Saturday 2 August 2014

TRC: follow-up action needed to advance accountability and justice

The debate and charged discussion around reconciliation will not go away. As South Africans we are celebrated worldwide for our attempts at reconciliation using the Truth and Reconciliation Commission and other measures, but we have left so many key aspects hanging.

The process is incomplete from a number of angles. The first is that the government has failed to implement most of the recommendations of the TRC, as the organisation, Khulumani, continues to point out.

The government has paid reparations to victims, it has undertaken some memorialisation work, but many recommendations have been relegated to file 13. One of these was a proposal for a once-off wealth tax levied against business and industry. Sampie Terreblanche has argued that group relations in South Africa would have been more harmonious if the government had adopted such a wealth tax.

The second reason is that the government has so far failed to prosecute those perpetrators of gross violations who did not apply for amnesty or were refused amnesty. Such prosecutions will surface further details about what really happened in the darkest corners of the apartheid system.

The third reason is that the TRC process did not allow for examination of structural aspects of apartheid. At the time of its sitting, the late Neville Alexander called on the commission – without success – to hold hearings on issues such as land and education.

All the signs are that we will benefit, even today, from hearings into the migrant labour systems or if we had held hearings to forge a deeper understanding of the devastation caused by bantu education.

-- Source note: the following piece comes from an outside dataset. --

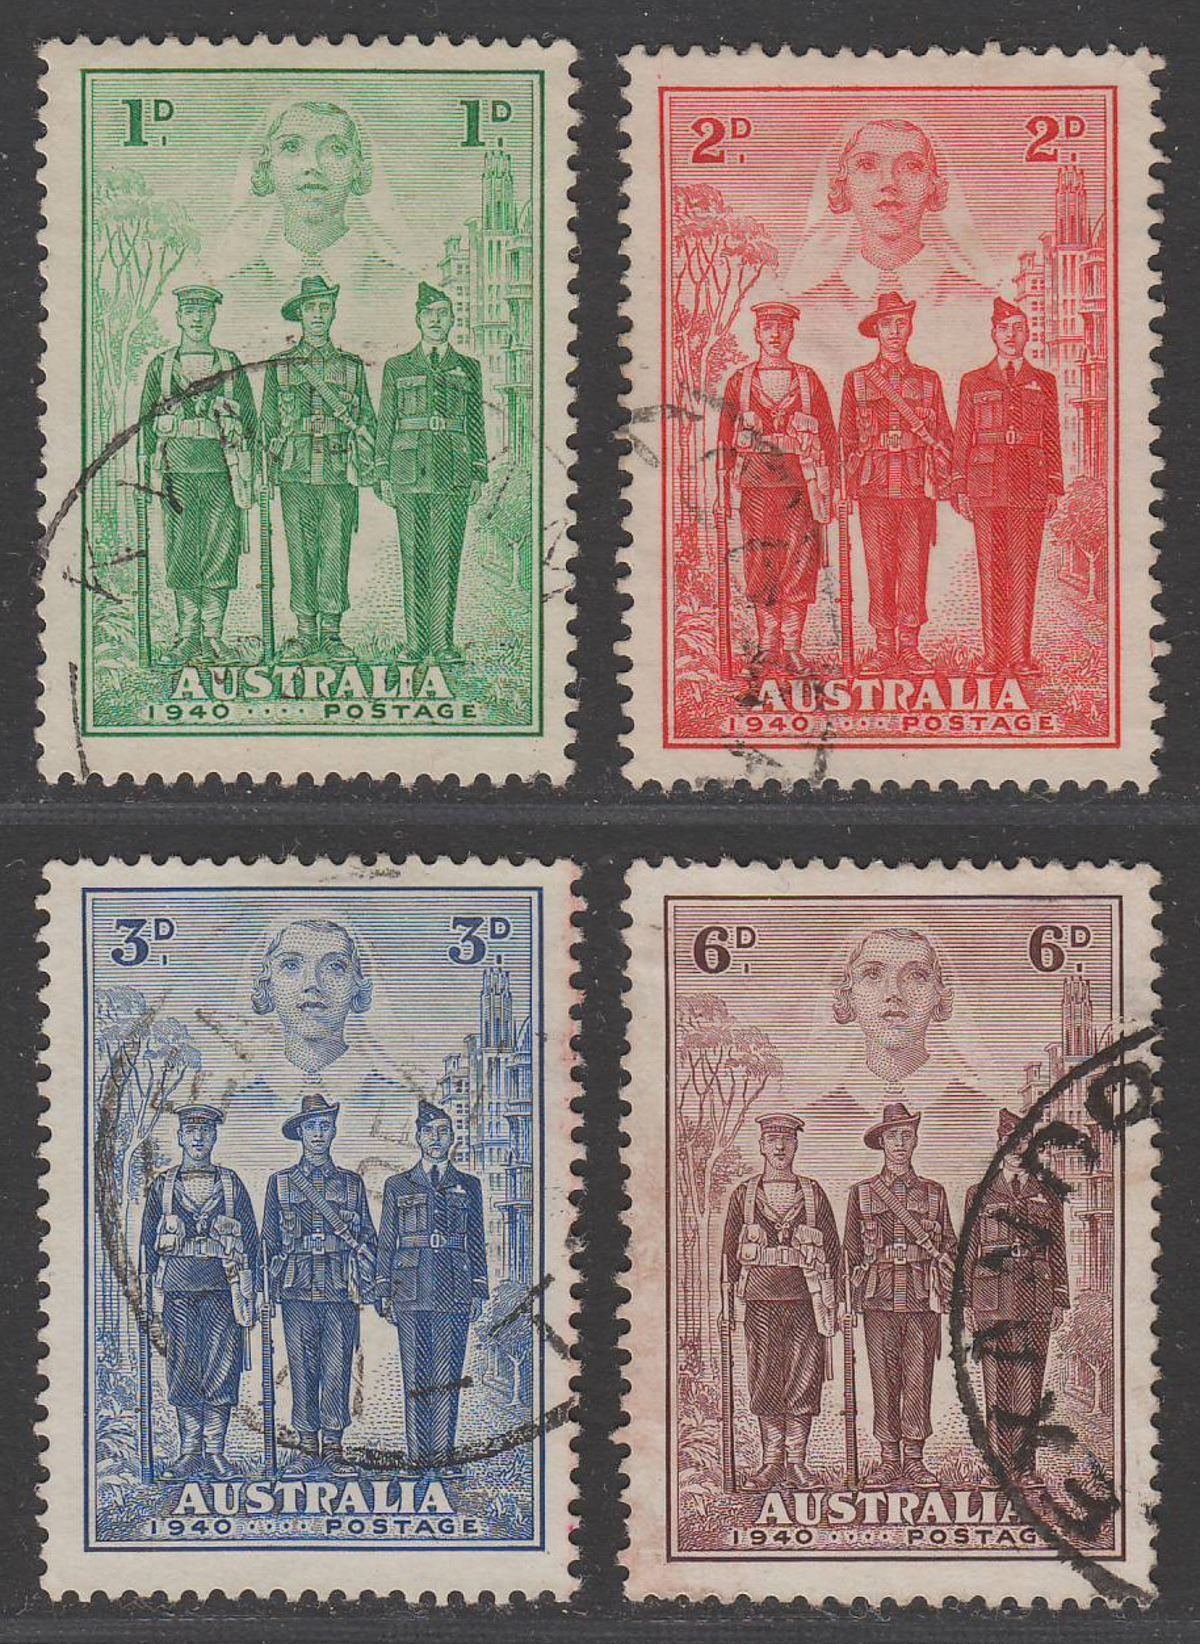 Australia 1940 KGVI Imperial Forces AIF Set Used SG196-199 cat £40 some faults

A fourth area of incompleteness relates to the problem of victims, including those who testified at the commission. Khulumani argues that the government has paid the reparations amount – R30000 – to less than a quarter of those who should receive them.

“The victims’ suffering remains unalleviated as they continue to lobby the government to open the list and to broaden community reparations. Tragically, many families are obliged to pay for their own investigations to uncover the truth of the fate and whereabouts of loved ones,” says Yasmin Sooka of the Foundation for Human Rights.

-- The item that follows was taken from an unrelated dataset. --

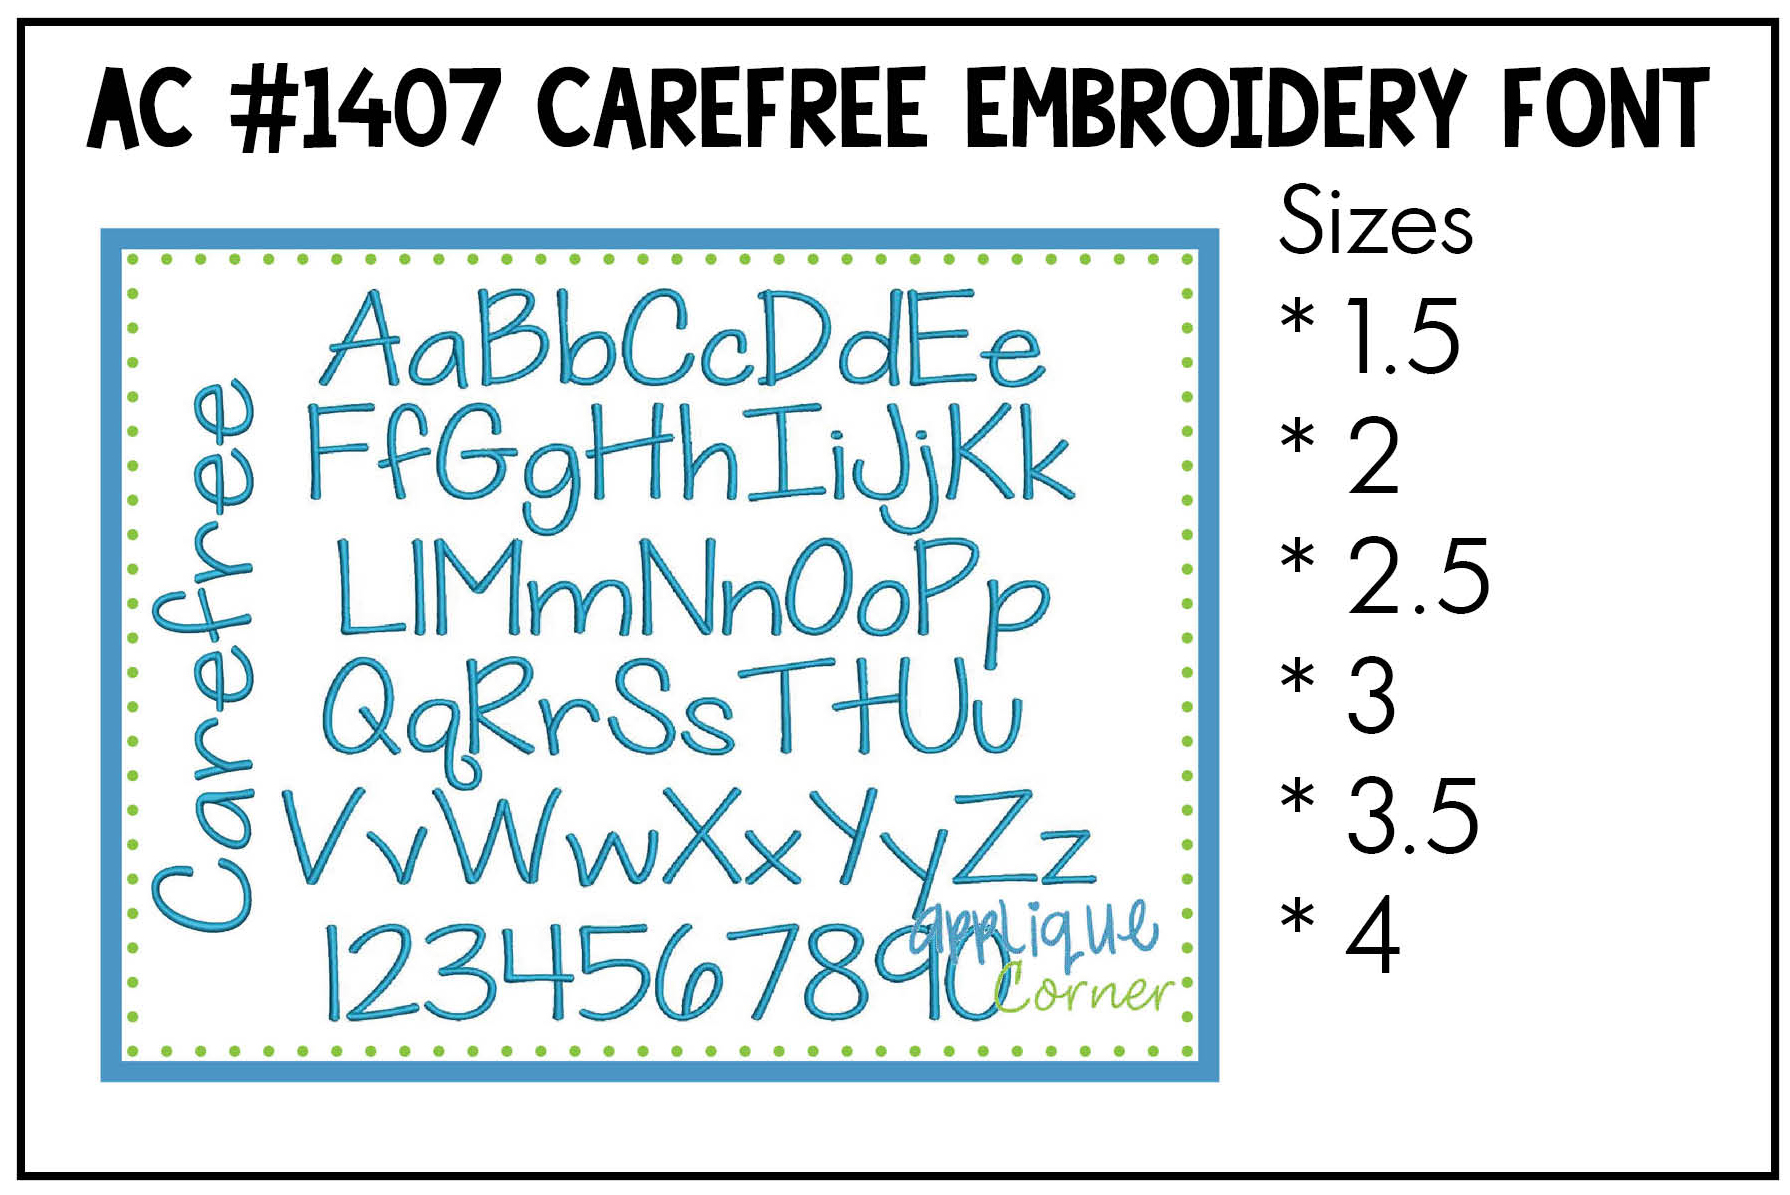 Carefree Embroidery Font

A woefully understaffed missing persons task force has only scratched the surface in following up on missing persons reported to the TRC. Through locating burial sites, forensic work and exhumations, less than one fifth out of 600 cases have been resolved.

With these concerns as a backdrop there have been calls to revisit the TRC.

At a panel discussion at the Durban Film Festival, the Institute of Justice and Reconciliation called for the TRC to be “reopened” and Abba Omar, writing in The New Age in July last year, called for a second phase of the TRC.

“The reality is that there is much of our past which still needs to be confronted, so much suspicion of people who may have been part of the apartheid system which remains unresolved, so many families and communities still carrying so many wounds,” Omar wrote.

“I believe that the core result of such a process would be a better healed nation, where we don’t walk around with the feeling that those who served apartheid have not only got away with it but continue to thrive in the new South Africa.”

While I am sympathetic to such calls – a reopening of TRC would certainly lead to better lever of healing and closure – I don’t have much hope that such calls will succeed. There is no political will. As Alex Boraine implied at the Durban panel discussion this Monday, the government has over the years shown little interest in the kinds of issues raised here – it does not want to proceed with a process of “accountability” for the past and surfacing the truth. In the nineties it took the view that it was dealing with all these issues in the main through the redress contained in the RDP programme.

However, we need to continue to create spaces to discuss “reconciliation” in South Africa, including gaps and what has been achieved.

Institutions that promote dialogue, universities and public bodies should create platforms for open and informed discussion of reconciliation.

The government, donors and other institutions should provide sufficient funding for programmes that promote analysis and dialogue on racism and how it continues to operate in South Africa today. This should be accompanied by incentives for major institutions such as universities, schools, professional bodies and media institutions to run awareness or change programmes to address racism.

Interest groups should continue to lobby the government to seriously review the TRC recommendations with a view to implementing more of the TRC’s recommendations.

The government should be encouraged to appoint a joint committee made up of senior officials of the Department of Justice and, for example, specialists like Yasmin Sooka and Dumisa Ntsebeza to advise on the way forward.

There have been several initiatives by individuals or small groups in the white community to set up special funds to assist with redress. Recently these initiatives have sought to mobilise contributions from beneficiaries of apartheid as well as what Sooka calls “beneficiaries of the transition”. The government has usually ignored such moves.

The government should engage with and formally support such initiatives, especially if they could address relevant priorities such as the need to combat gender violence or critical developmental needs such as, for example, support for communities benefitting from land restitution.

For now, lack of political will or wider institutional support means there is no critical mass at an institutional level in favour of a big bang such as the TRC Phase II. But there is wide enough agreement that there is unfinished business to explore a range ways to continue discussions and positive action about accountability, truth and reconciliation.